So, if you have a taped Halcyon model, it was probably an import. If you have a shrink wrapped Halcyon model, it was probably the officially distributed version. In fact, I think the shrink wrapped models had a sticker on the shrink wrapping with the name and address of the US distributor.

As for the unboxed kits, that sounds fishy. I'm guessing they may even be recast kits. That was about the time the illegal recast kits were becoming a real problem, especially for the garage kit companies.


----------



## PhilipMarlowe (Jan 23, 2004)

derric1968 said:


> As for the unboxed kits, that sounds fishy. I'm guessing they may even be recast kits. That was about the time the illegal recast kits were becoming a real problem, especially for the garage kit companies.


I'm pretty sure they were legitimate releases, here's my Dropship. Though it still says Halcyon on the instructions, IIRC correctly, Aoshima released these. I got mine thru HLJ, I'm not sure if Aoshima repopped the Halcyon kit or if they bought up of a lot of old Halcyon stock and repackaged them. But it definately wasn't a recast. Besides the dropship and facehugger, I think they released the APC this way too.


----------



## derric1968 (Jun 13, 2003)

PhilipMarlowe said:


> I'm pretty sure they were legitimate releases, here's my Dropship. Though it still says Halcyon on the instructions, IIRC correctly, Aoshima released these. I got mine thru HLJ, I'm not sure if Aoshima repopped the Halcyon kit or if they bought up of a lot of old Halcyon stock and repackaged them. But it definately wasn't a recast. Besides the dropship and facehugger, I think they released the APC this way too.

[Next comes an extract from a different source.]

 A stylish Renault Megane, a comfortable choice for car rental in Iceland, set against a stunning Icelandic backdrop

You know, now that I see that photo, I remember seeing some model kits sold in Japan in bags like that. I thought it was odd and cool in a uniquely Japanese kind of way.

I also have a recollection of Aoshima's involvement with these kits. I can't recall if they were the official distributor of Halcyon kits in Japan, if they repopped them before or after Halcyon folded, or if they actually bought the molds from the defunct Halcyon. I want to say they repopped them after Halcyon folded. So, it may be that the bagged kits are imported from Japan.

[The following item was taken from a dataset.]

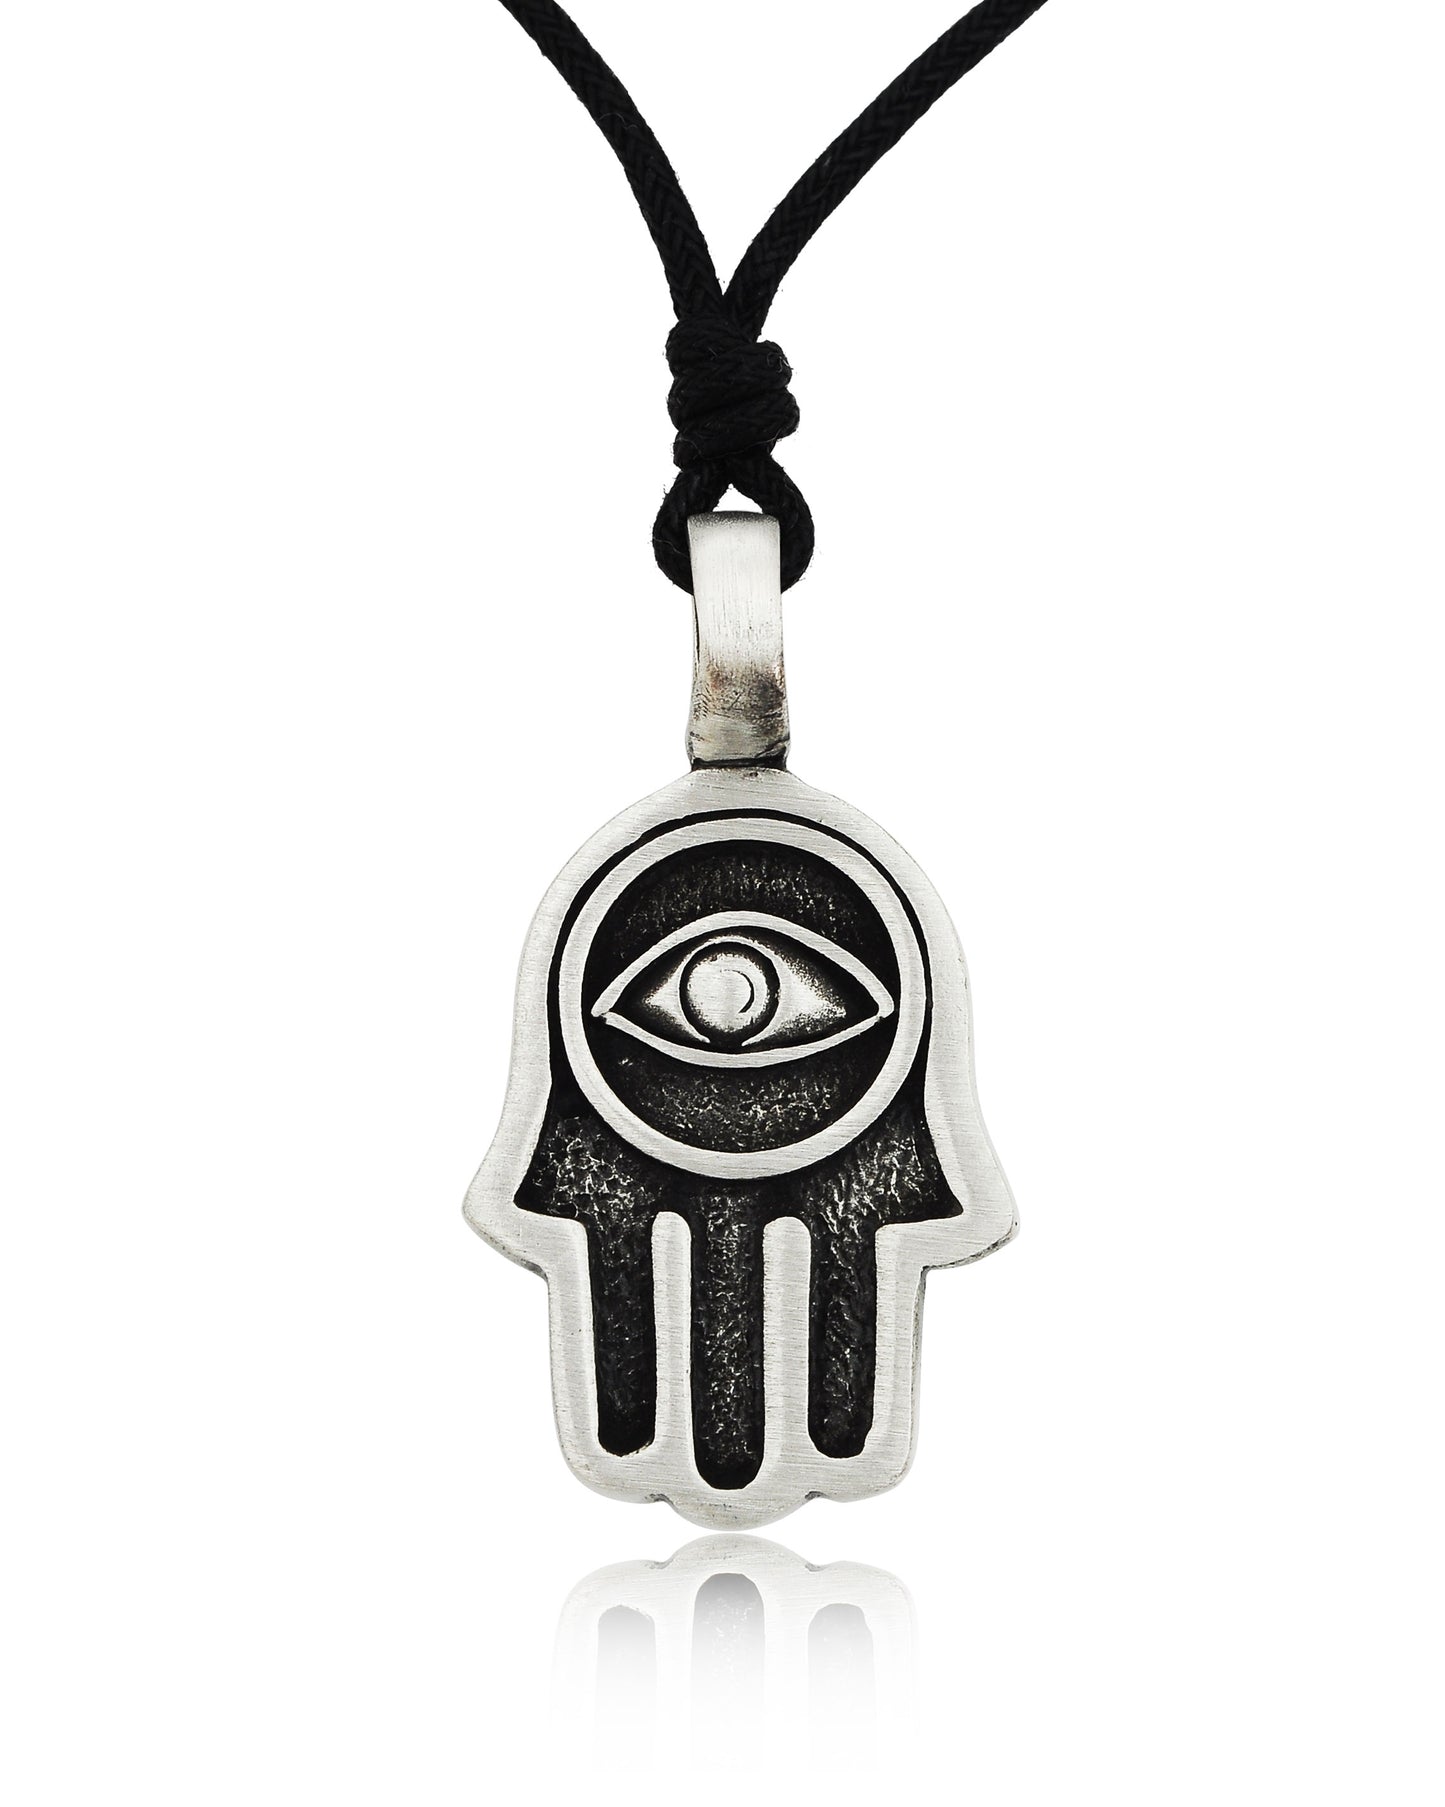 Hamsa Hand of God Silver Pewter Charm Necklace Pendant Jewelry

Anyway, in terms of recasts, I was referring to Halcyon's vinyl Alien kits. d_jedi1 mentioned having a facehugger with no box. Vinyl and resin are easy to recast. That's why it became such a problem. You can actually buy counterfeit Halcyon Alien vinyl kits on eBay to this very day. The sellers are all base out of Thailand.


----------



## DarthForge (Feb 5, 2009)

Well if I remember correctly the styrene kits were wrapped and the vinyls
and resins were just boxed.


----------



## Arronax (Apr 6, 1999)

Many, many years ago, I purchased two dozen Halcyon Dropships from Comet for resale in the US. They arrived without shrinkwrap.

Jim


----------



## deadmanincfan (Mar 11, 2008)

Welcome aboard, Boochydog...please step to the left so Mark McGovern can proceed with your Magnagouger indoctrination...


----------



## Eric K (Jul 15, 2001)

I just purchased an El Gato class submarine from a German Manufacturer. It was taped, but everything was in sealed bags too. The Hobby Shop owner said it was the way it came to him. When i get my own place again, and can actually build my stockpile of models...I'll have to let you know if it was all there....but, it looked all there.


----------



## Griffworks (Jun 24, 2002)

Moved this from the Movies for Modelers section.


----------



## robiwon (Oct 20, 2006)

My APC and Dropship bought at my LHS were taped. The ALIENS figure with egg, the ALIEN 3 figure, Power Loader and Predator 2 figure were all cellophaned.


----------



## starseeker (Feb 1, 2006)

I got the original issues of the APC, Facehugger, Narcissus, and Sulaco and they were all taped. 
One thing about EBay, just about anyone can get access to a shrink wrap machine, so model kits, CDs, anything really, can be "sealed" and sold as new without anyone ever knowing any different. I suspect that's the case with most DVDs sold on EBay, especially as almost none listed are "used" - buy a box set, burn it for yourself, and re-seal it and even re-sell it for a profit, as almost all DVD sets I see on EBay are more expensive than I can find locally.


----------



## d_jedi1 (Jan 20, 2007)

derric1968 said:


> Anyway, in terms of recasts, I was referring to Halcyon's vinyl Alien kits. d_jedi1 mentioned having a facehugger with no box. Vinyl and resin are easy to recast. That's why it became such a problem. You can actually buy counterfeit Halcyon Alien vinyl kits on eBay to this very day. The sellers are all base out of Thailand.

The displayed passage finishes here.